* Collected material
------------------------------------------------------------
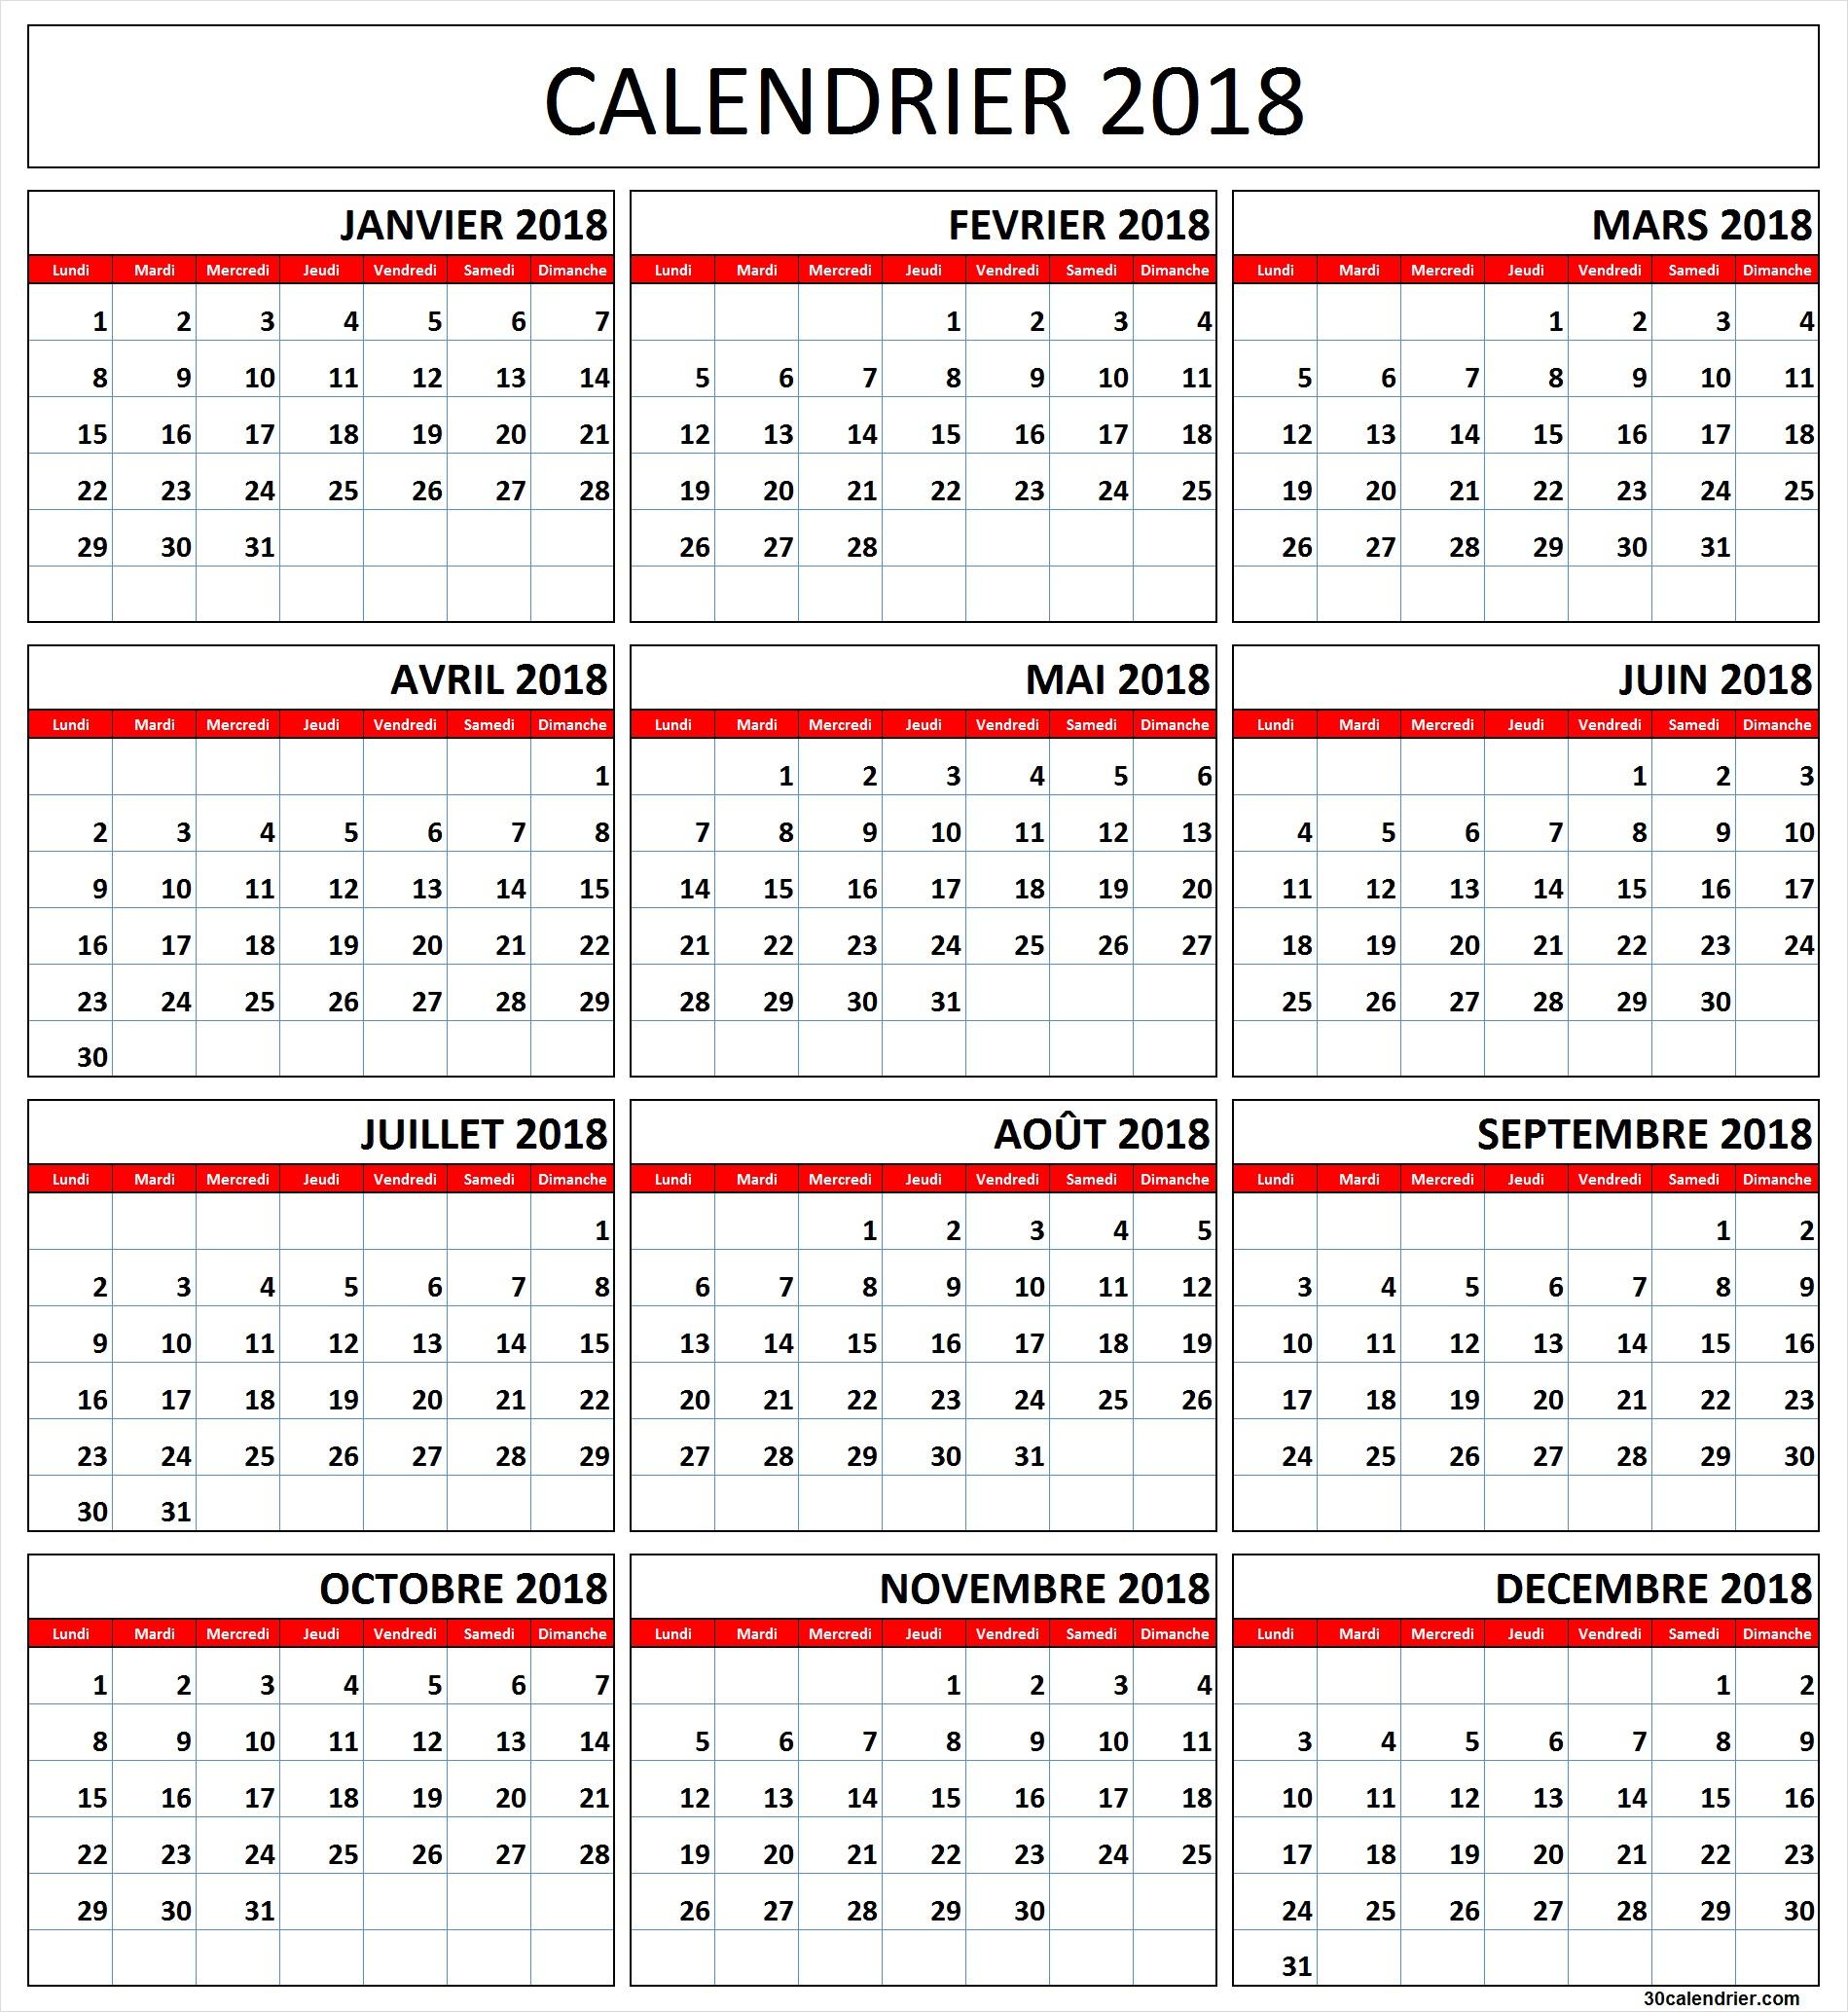 Calendrier 2018 À Imprimer Gratuites | Calendrier 2018 tout Calendrier 2018 À Télécharger Gratuit
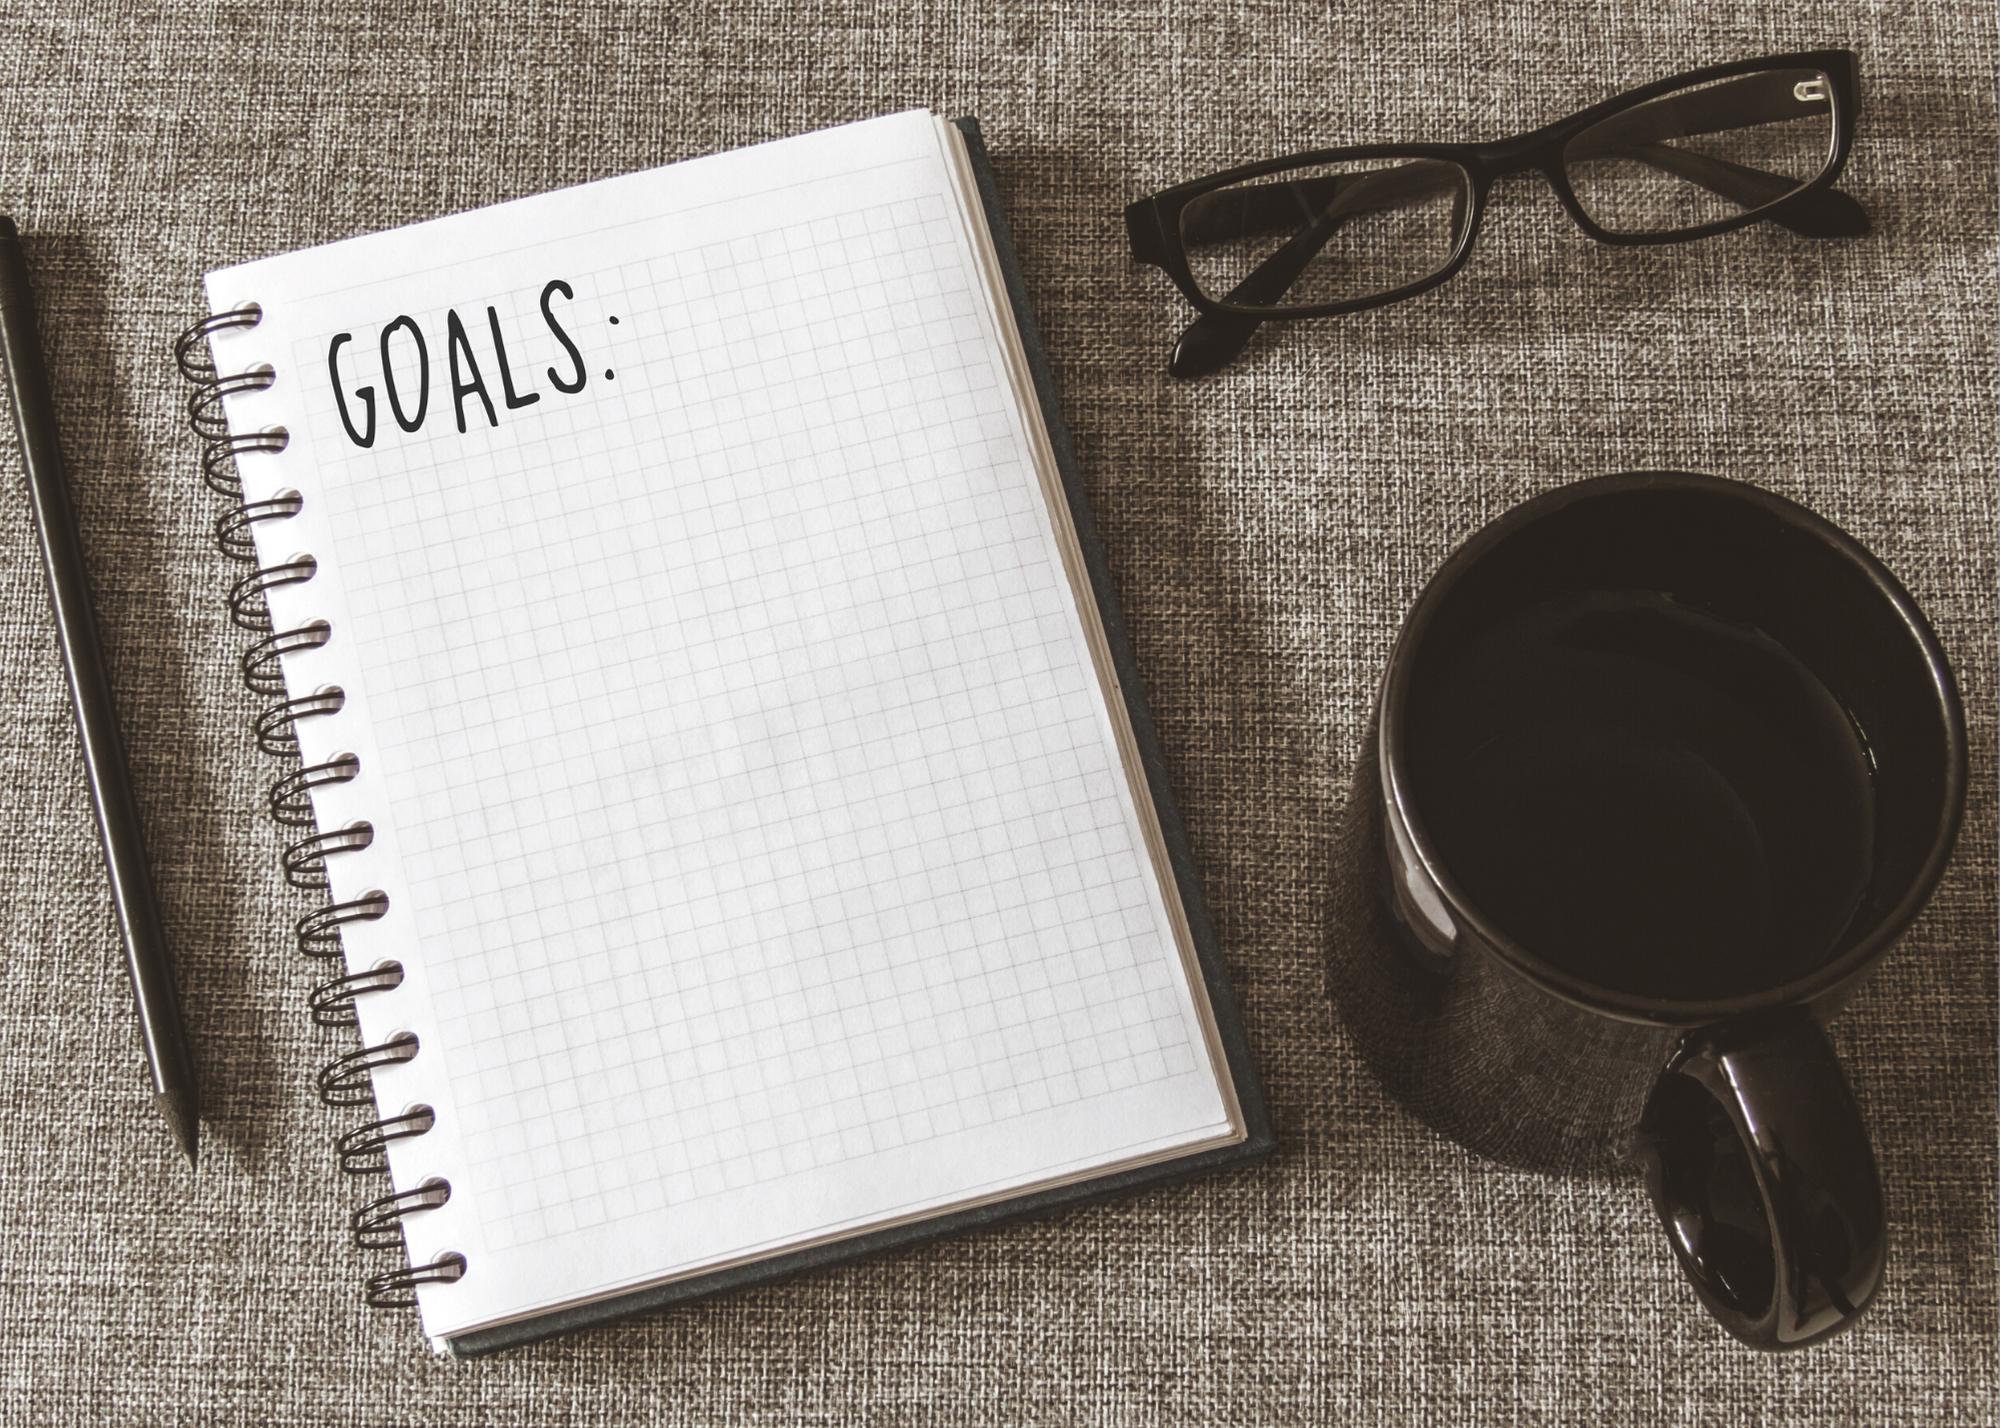 goals - notepad
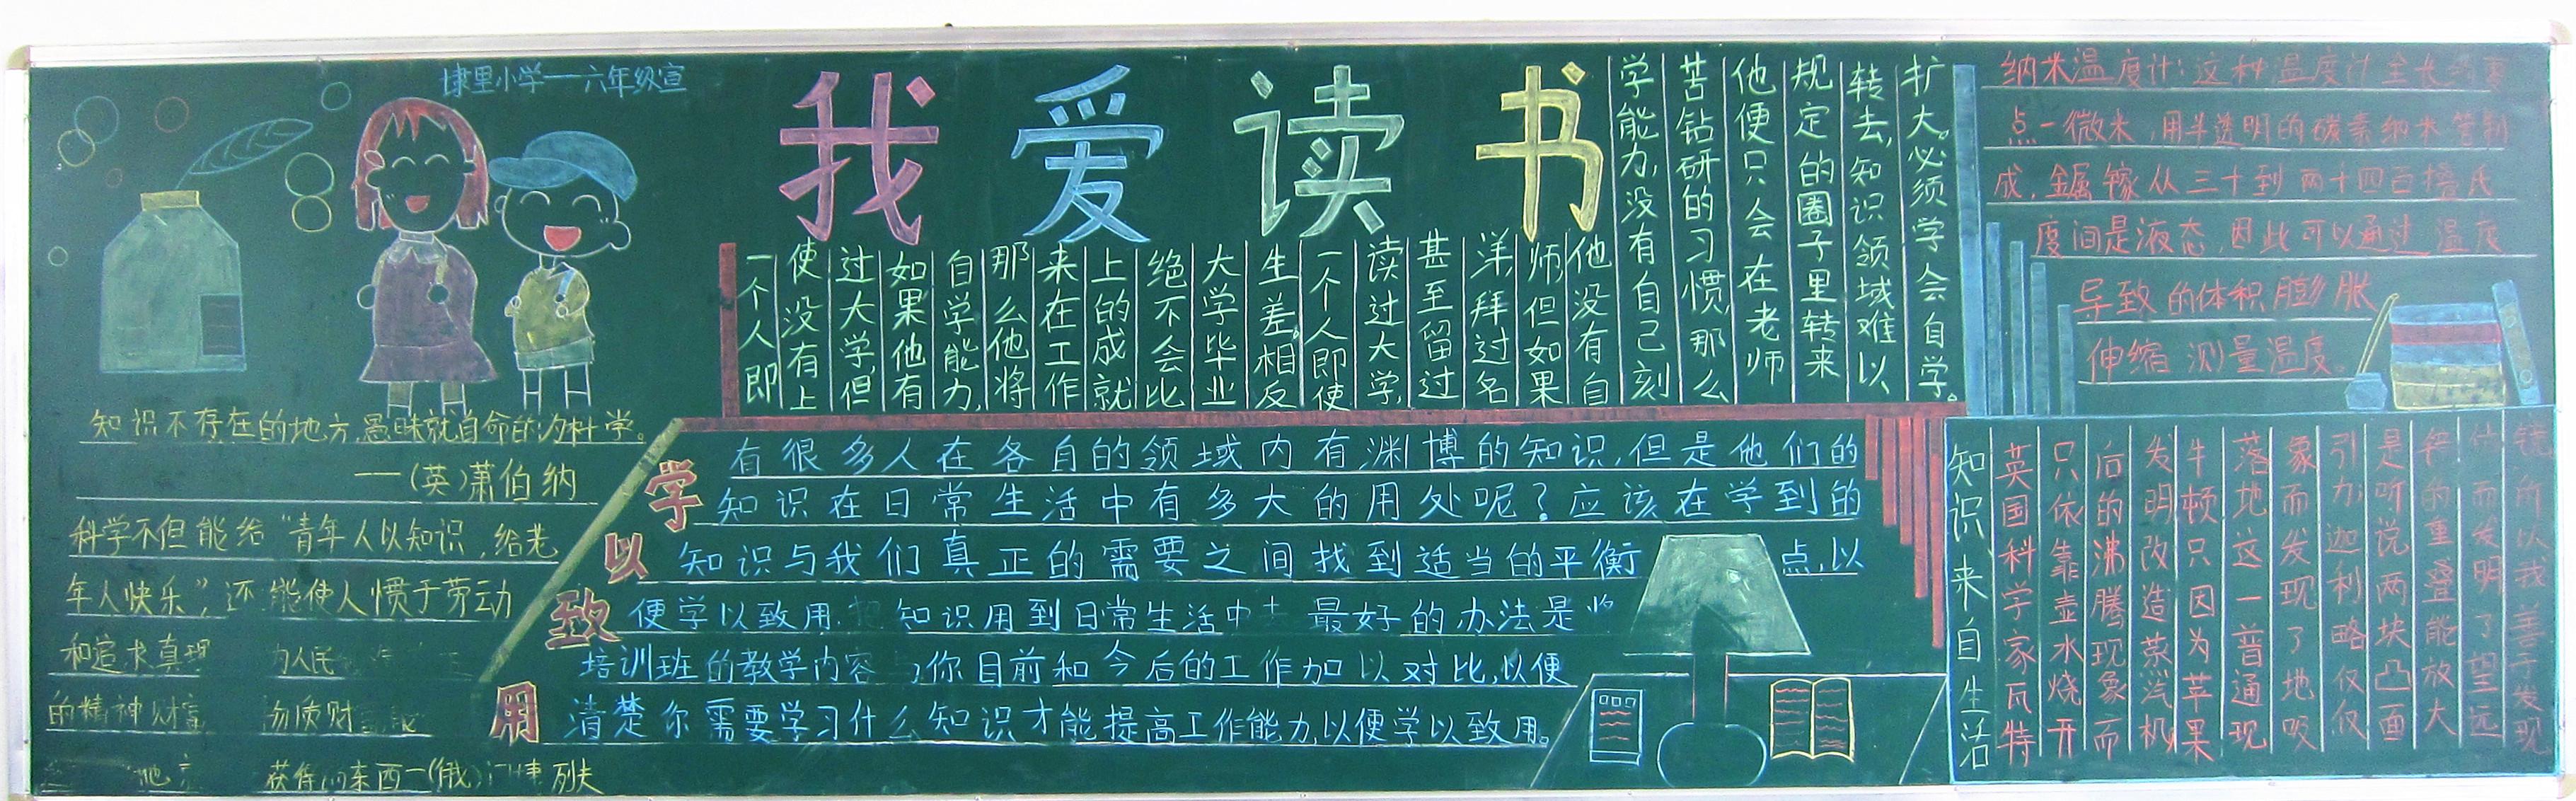 928终身学习 系列之班级读书主题黑板报展评活动报道
------------------------------------------------------------
* Goal of the exercise
Each line of the data should be quoted exactly, with pictures left out.

* Solution to this problem
 Calendrier 2018 À Imprimer Gratuites | Calendrier 2018 tout Calendrier 2018 À Télécharger Gratuit
 goals - notepad
 928终身学习 系列之班级读书主题黑板报展评活动报道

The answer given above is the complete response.